In passing, Harnik observes that the City's premier parks are utilized as tourist attractions. Hotels and Sea World Amusement Park in Mission Bay return money to the city for leases and as hotel occupancy taxes . A percentage of the City's general hotel motel tax money is returned to Mission Bay and Balboa Park every year to defray the cost of capital improvements. Other moneys for maintenance and improvements come from the City's General Fund. The amount of money available is contingent on the state of the City's economy, the priority of other projects and the discretion of the City Council. The most incisive part of Harnik's study of San Diego's park system is his discussion of how the City is to pay for the acquisition of new parkland. He is less sure of how the City is gong to pay for its maintenance once acquired. Since the City cannot raise property taxes to pay for government services, a consequence of the passage of Proposition 13 in 1978, it must rely on neighborhood assessments, a citywide assessment tacked on gas and electric bills, and money received from land developers in exchange for development rights. In practice, money from these various assessments is spent to acquire parkland in high-income regions of the city and not in poorer central and southern areas. Even the Maintenance Assessment Districts, authorized by California's 1996 "Right to Vote on Taxes" Act, is no guarantee that additional money will be available as each neighborhood must approve charges for projects above the Park Department's uniform level of service and the neighborhoods can contract with private landscaping companies rather than the Park Department to do the work. Once again, poor neighborhoods in the City suffer as householders in them cannot afford to pay the cost of additional assessments. 
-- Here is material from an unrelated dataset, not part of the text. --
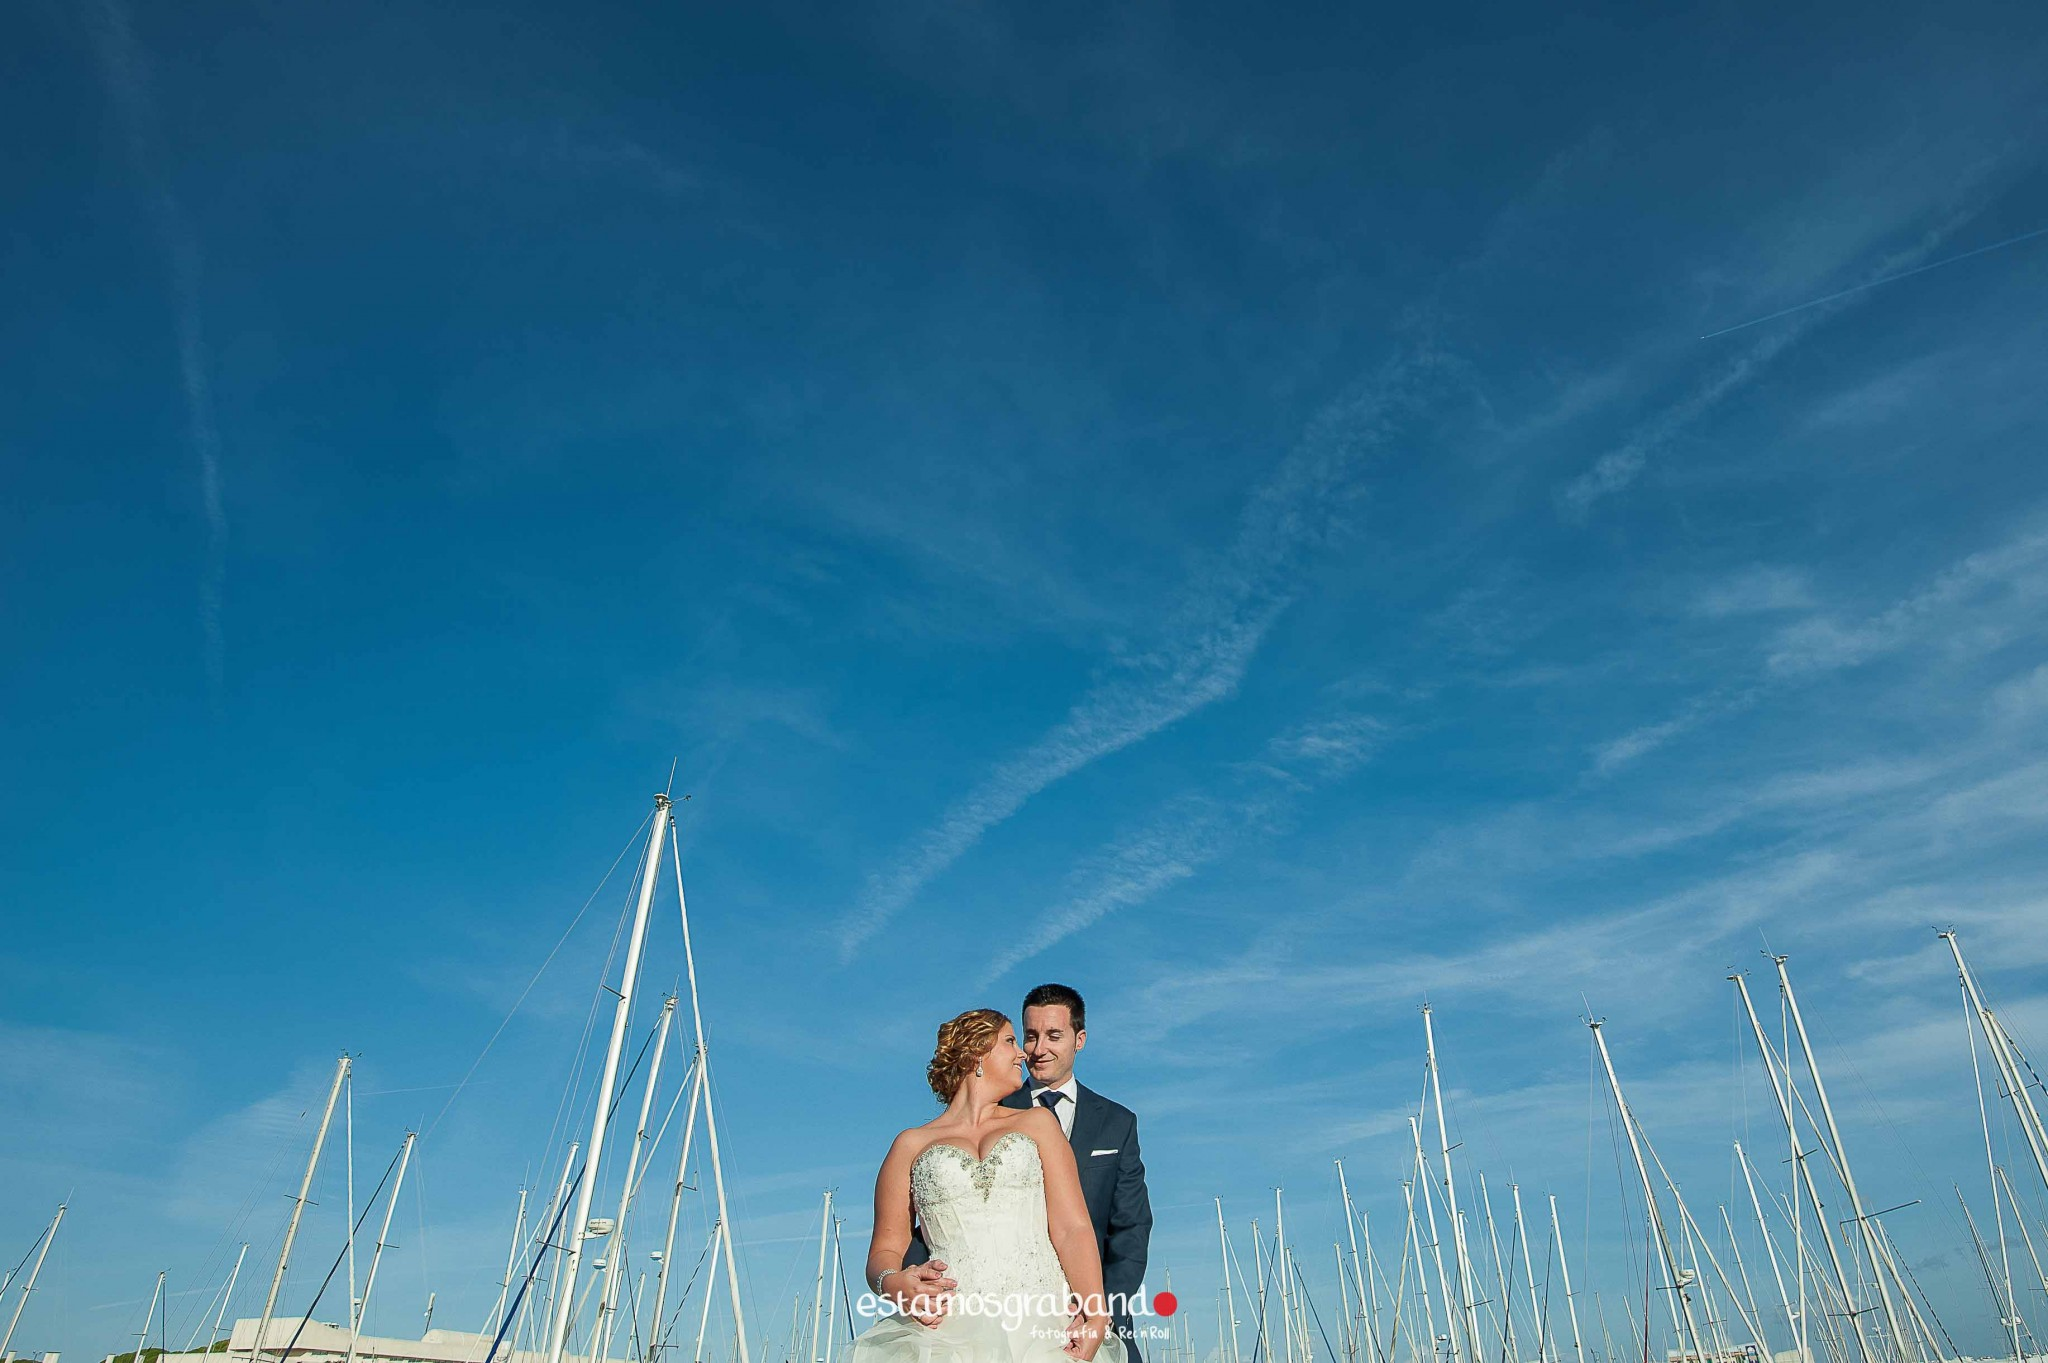 isa-sergio-65 De toda la vida [Isa & Sergio_Fotografía de Boda en Jerez de la Frontera] - video boda cadiz
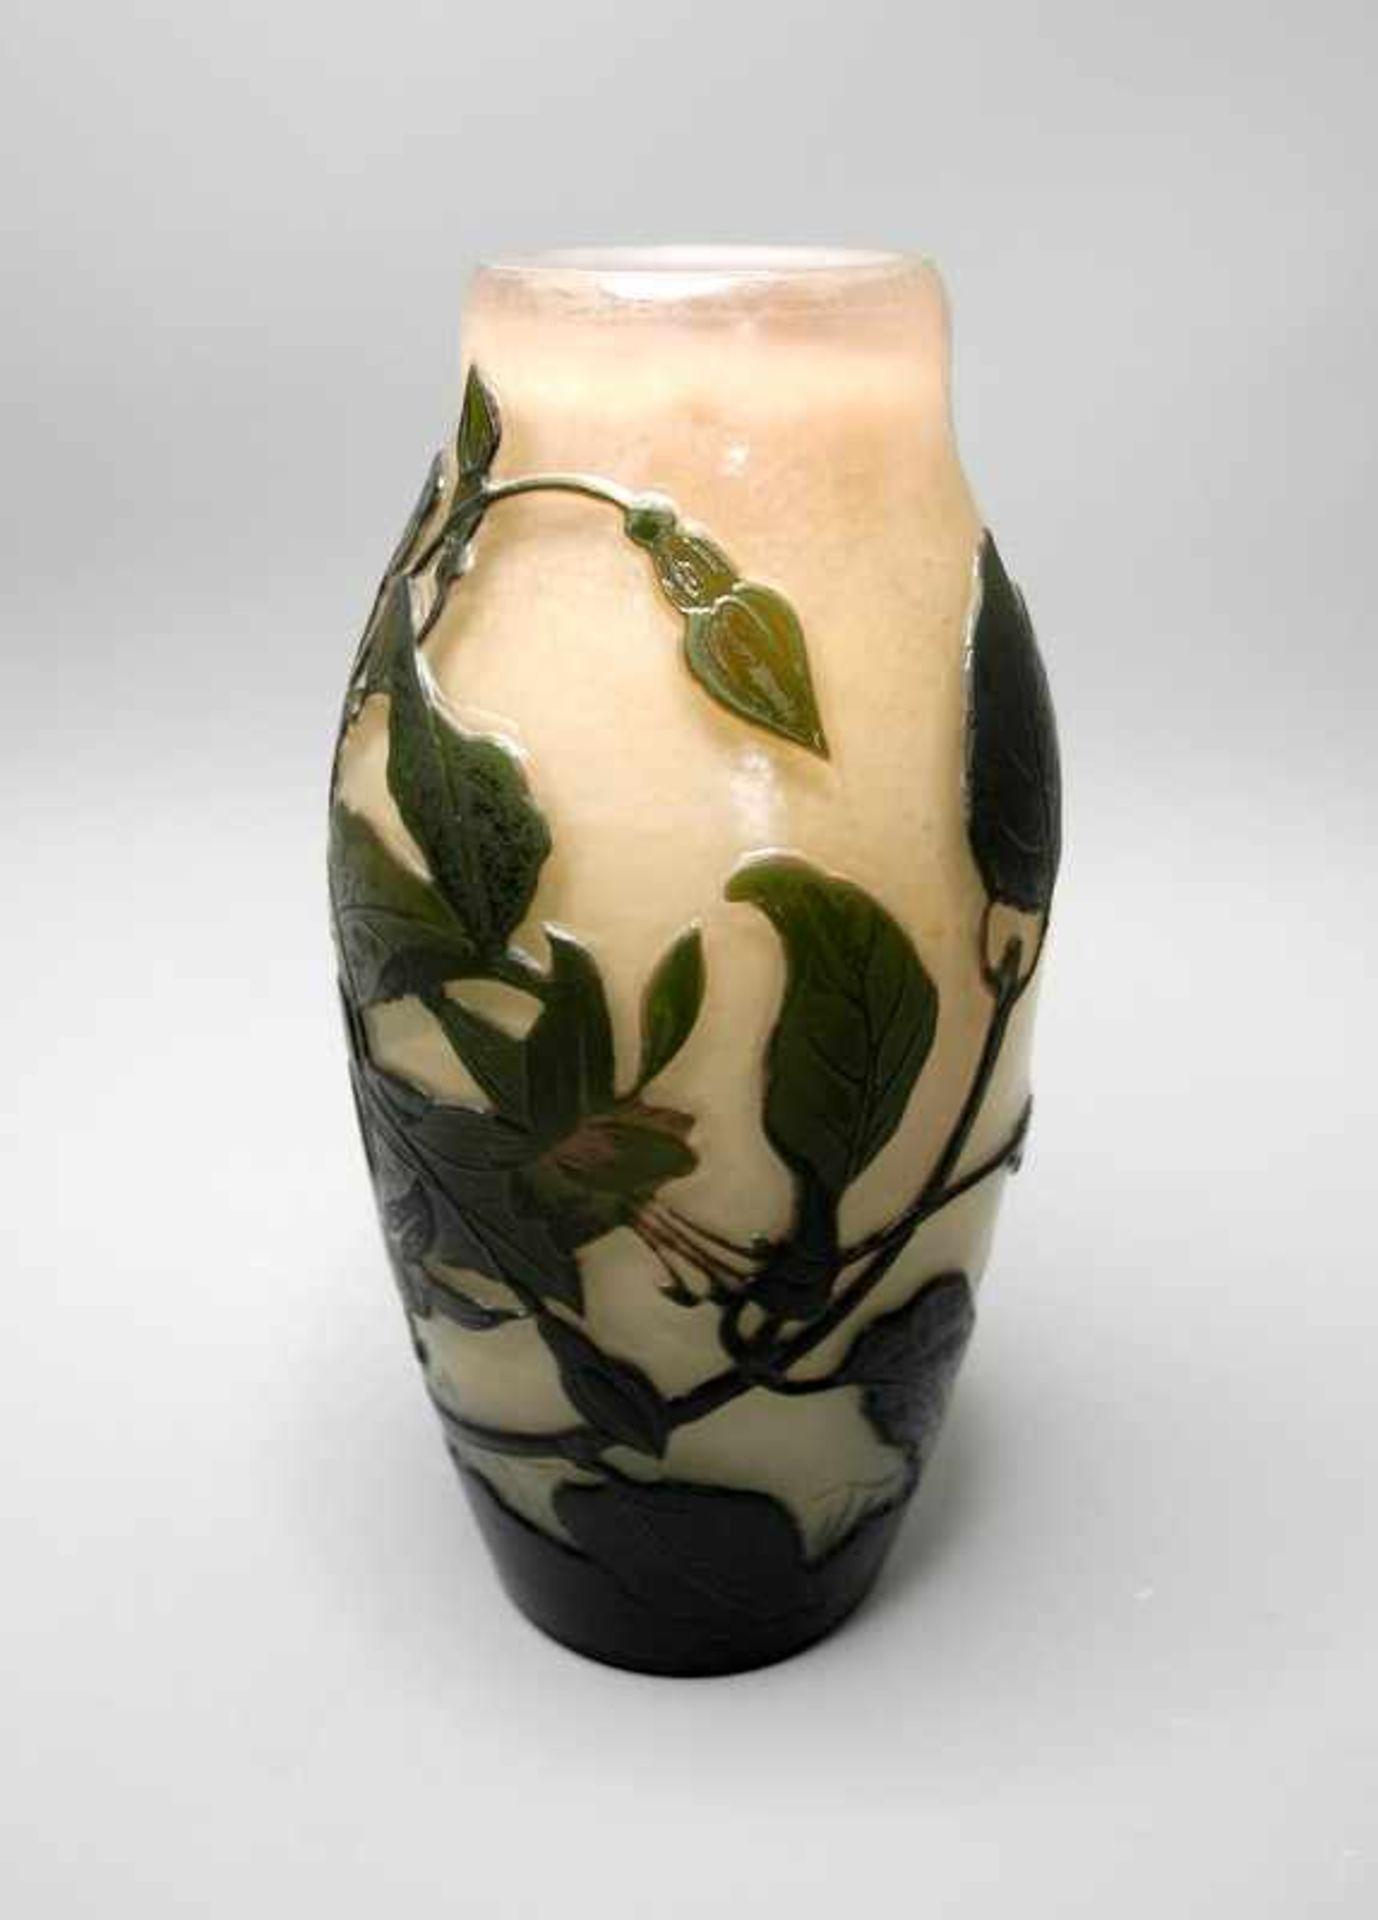 Arsall, GlasvaseOpakes, zum Hals leicht rötlich werdendes Glas mit grünem Überfang. - Bild 2 aus 4

It may be that some of Harnik's statistics are suspect. There are a lot of them from lists of cities profiting from developer impact fees (7 in this study) to tables showing the total parks and open spaces by acres in cities to the number of public swimming pools per 100,000 residents by city. Park departments may sometimes be careless in reporting figures. They may also exaggerate to show that their cities are the best in one way or another. To say that a city has so many acres of park land may not be true. For one thing, is it "dedicated" park land that cannot be taken away from the people except by vote? Is it "open space" that can be seen from afar but not visited? (In San Diego 14,099 acres are classified as dedicated city parkland and 5,699 acres as dedicated open space.) 

Is it a view point, a play field, a school lot, a community center, or an abandoned lot that is used temporarily for community gardens or play courts? Is it, in the case of Houston, a 10,534-acre flood-control facility leased by Houston from the U.S. Corps of Army Engineers and equipped with sports fields, trails, rest rooms and picnic tables that is periodically inundated by 10,000 acres of water? This is not to say that Harnik's figures are not important as indications of how a city is developing or how it compares with others. It is merely a caution that any statistical interpretation is subject to change over time or when different methods of evaluation are employed. 

Despite these cavils, park lovers in all the cities covered, including Chicago, Boston, Philadelphia, Miami, Minneapolis, Cleveland, Pittsburgh, San Diego, Seattle, St. Louis, Cincinnati, Portland, Oregon, Denver, Houston, Dallas, Atlanta, Phoenix, Tampa and Kansas City, and in those no less important cities that are not, including San Antonio, San Jose, Jacksonville, Columbus, El Paso, Memphis, Milwaukee, Austin, Washington, Nashville, and Charlotte, should read "Inside City Parks" because it shows the weaknesses and strengths of park systems as they exist and indicates, in a "Conclusion" directed toward the heads of park departments, the means to make them better. 

NOTE: An abbreviated version of the above review appears in amazon.com.